Multiple Comparison Line Chart
A line chart with two or more data series plotted on the same axes using different colors or line styles; requires a legend.
Y-Axis Scale Rule
The vertical scale of any chart or graph should always begin at zero; if it does not, a broken-line interruption must be used. Starting a non-zero scale without indication distorts the visual impression of the data.
Pictograph / Pictogram
A graphic display that uses representative pictures or symbols to depict quantitative data. Eye-catching but less precise than bar or line charts.
Histogram
A graph of a frequency distribution for quantitative continuous data. Bars are contiguous (no gaps), with class boundaries on the X-axis and relative frequency on the Y-axis. Height and width of each bar are both data-dependent.
Histogram vs. Bar Chart
A histogram displays continuous quantitative data (bars touch); a bar chart displays discrete or categorical data (bars have spaces between them).
Frequency Polygon
A line graph created by connecting the midpoints of histogram bars; used to display continuous quantitative data. Preferred over histograms when comparing two or more distributions on the same graph.
Guidelines for Constructing a Bar Chart
Arrange categories in natural order; use spaces between bars; limit series to three or fewer when five+ categories exist; use colors or patterns to distinguish series; label all axes clearly.
Guidelines for Constructing a Line Chart
Y-axis starts at zero; use an x:y ratio of approximately 5:3; label axes with variable names and units; distinguish multiple lines by color or style; include a legend.
Guidelines for Constructing a Histogram
Vertical scale starts at zero; use equal class interval sizes; height of Y-axis should be approximately 3:4 or 3:5 the length of the X-axis; class boundaries form the X-axis base; midpoints centered below bars.

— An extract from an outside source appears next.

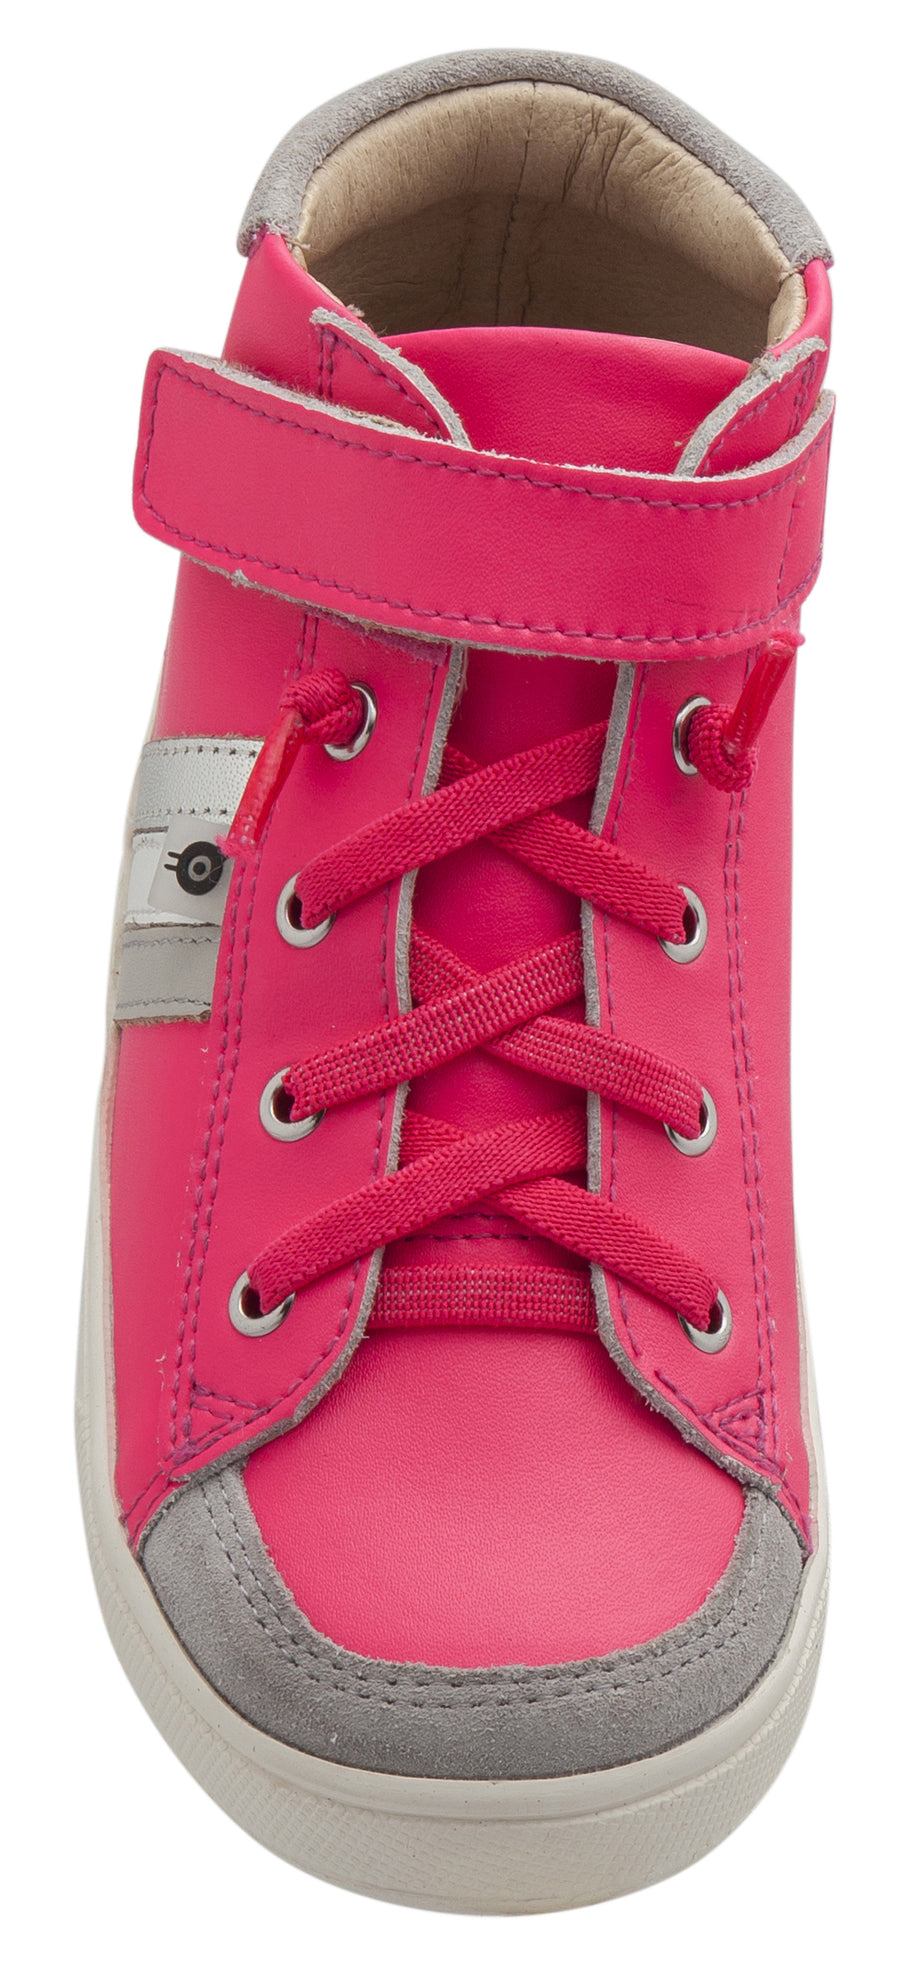 Old Soles Girl's Glambo High Top Leather Sneakers, Neon Pink/Gris/Snow/Silver

Chart vs. Table -- When to Use
Charts/graphs convey information more quickly and visually but lack detail. Tables display large amounts of precise text-based quantitative data but are slower to read. Choice depends on audience and purpose.
Maximum Data Elements in a Chart/Graph
No more than five data elements or series should be displayed in a single chart or graph; elements with multiple subcategories should have fewer than five.
Research
A scholarly, systematic approach to scientific investigation; used to discover solutions to problems, verify knowledge, or establish new knowledge. Carried out in all fields of study.
Basic Research
Research that seeks to answer the question "why"; focused on expanding fundamental knowledge rather than solving a specific practical problem.
Applied Research
Research conducted to discover solutions to a specific problem or to improve a practical process or outcome.
Quantitative Research Approach
Uses numerical data that can be statistically analyzed; results are expressed as numbers, percentages, or rates. Example: counting coding errors.